Latent Class Profiles
LCA yielded an optimal four-class solution:
- Highly Engaged Independent Learners: Demonstrated strongest competencies and minimal AI dependency, adopting AI selectively.
- Selective AI Users: Maintained strong research and writing skills and high engagement, using AI as a complementary tool rather than a crutch.
- Moderate AI Users: Displayed balanced skills with signs of dependency, especially diminished learning independence, suggesting emerging substitutive tendencies.
- AI-Dependent Learners: Exhibited the weakest functional competencies, with pronounced reliance on AI for writing, research, and problem-solving, and significantly reduced learning autonomy.
These profiles underscore a spectrum of AI integration, from augmentation to functional substitution and skill stagnation.
Demographic Analyses
No significant gender or academic performance associations with AI dependence were found (p > 0.05), counter to some prior literature suggesting differential adoption patterns by gender. However, a significant effect was observed for academic year (p = 0.003), with senior students exhibiting stronger dependency, attributed plausibly to escalating academic workload and greater cumulative exposure to AI tools. This suggests an accumulative risk of dependency as students advance, regardless of baseline academic ability.
Theoretical and Practical Implications
The findings raise concerns about the long-term trajectory of academic competency in the presence of generative AI, especially for learners classified as AI-dependent. If current trends persist, widespread cognitive offloading may result in atrophied critical thinking, writing, and autonomous research skills, particularly as AI systems become further embedded in academic workflows.
From the institutional perspective, these results necessitate urgent curricular and policy innovations. There is a critical need for AI literacy programs that go beyond technical proficiency by fostering epistemic vigilance, information validation, and self-regulatory strategies. Interventions should be tailored: for instance, targeting Moderate AI Users with training in analytical verification, supporting AI-Dependent Learners with remedial skill-building, and deploying Highly Engaged Independent Learners as peer mentors. At the systemic level, educational ecosystems must be recalibrated to leverage AI augmentatively rather than substitutively.
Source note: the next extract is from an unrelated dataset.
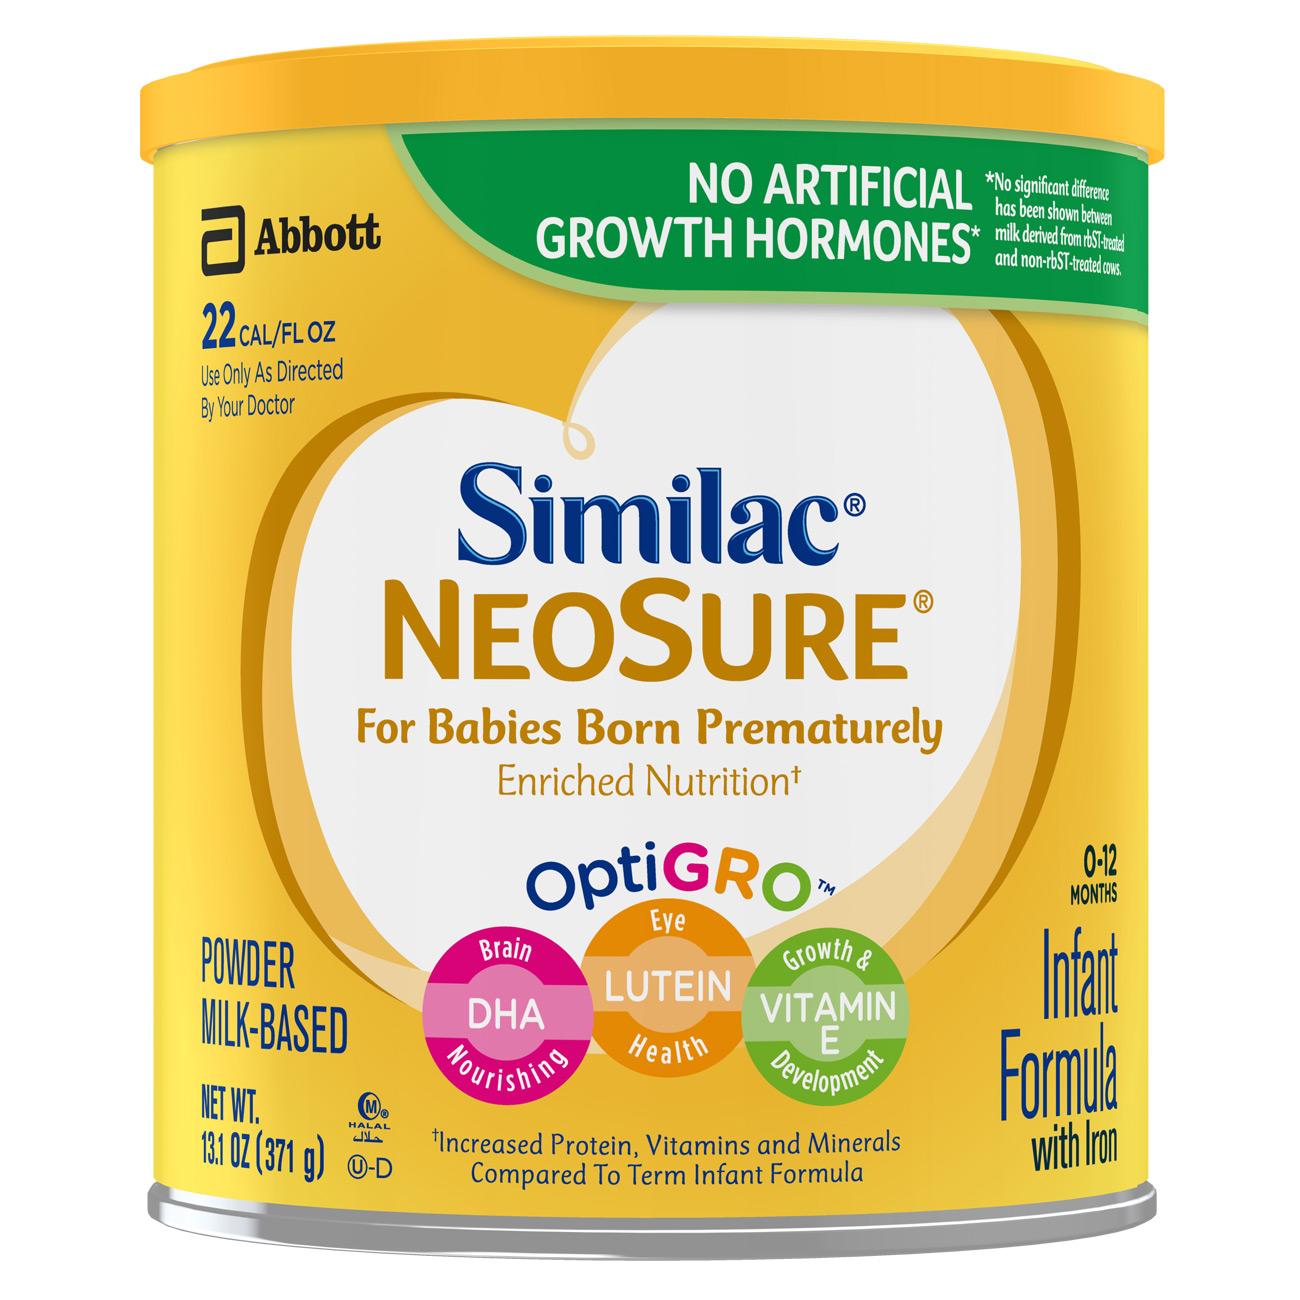 Similac NeoSure Infant Formula with Iron, For Babies Born Prematurely, Powder, 13.1 oz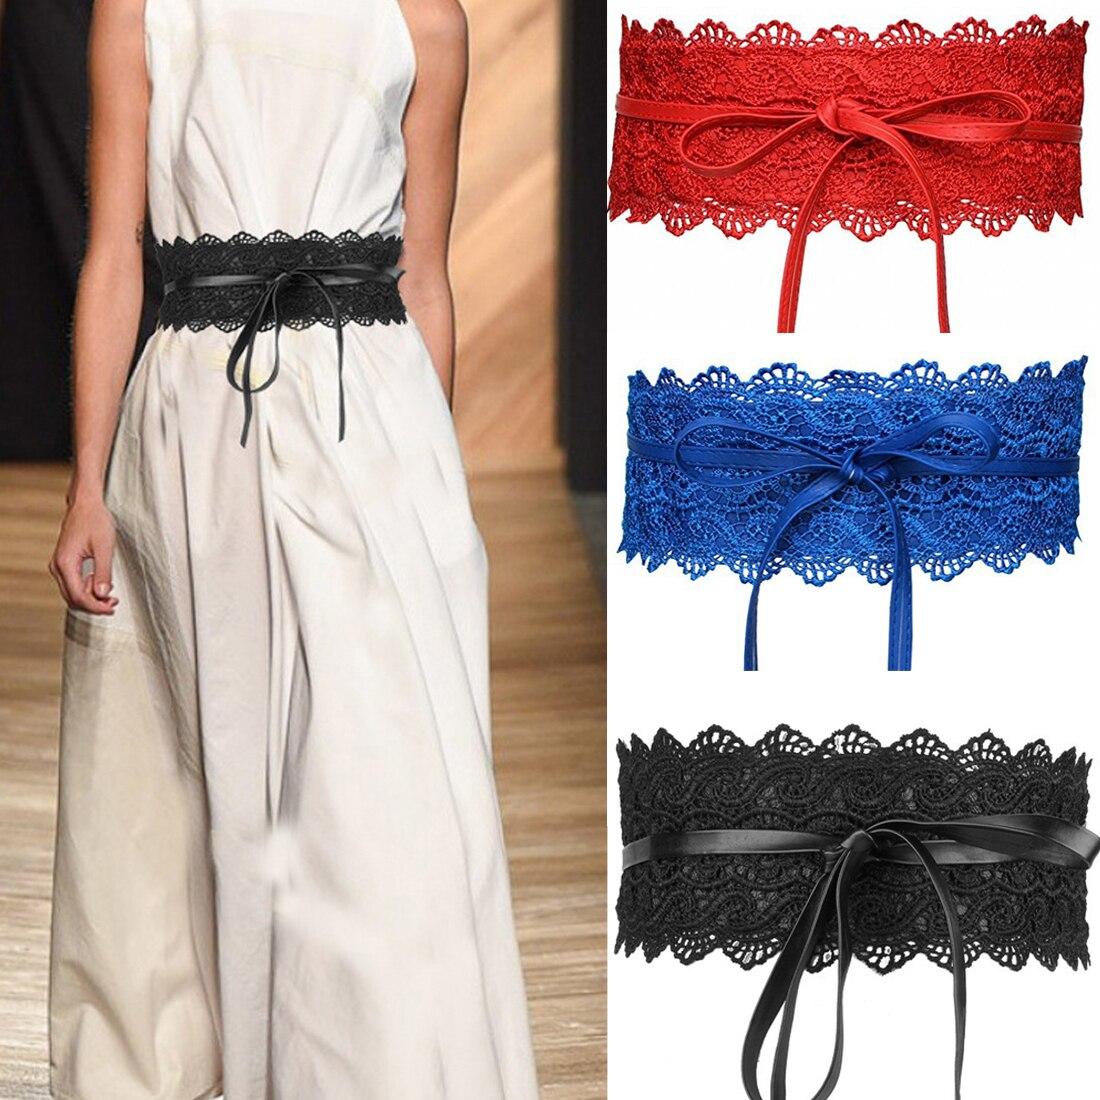 Fashion Lace Up Belt For Women Faux Leather Lace Wide Belt Female Bowknot Weaving Belt Boho Waist Band Ceinture Femme

The study also sets the stage for longitudinal research to track the dynamic evolution of these dependency profiles and to evaluate the impact of policy interventions on skill retention and academic authenticity.
Conclusion
This research provides a nuanced, empirical mapping of AI dependency among Filipino higher education students, identifying distinct behavioral phenotypes and their association with academic skill erosion. The absence of significant gender or performance-based differentiation, alongside the pronounced effect of academic progression, signals a systemic risk of dependency-driven academic skill decline. The necessity for purposeful educational reforms and the embedding of robust AI literacy into curriculum policy are underscored as imperatives for preserving foundational competencies amidst technological transformation.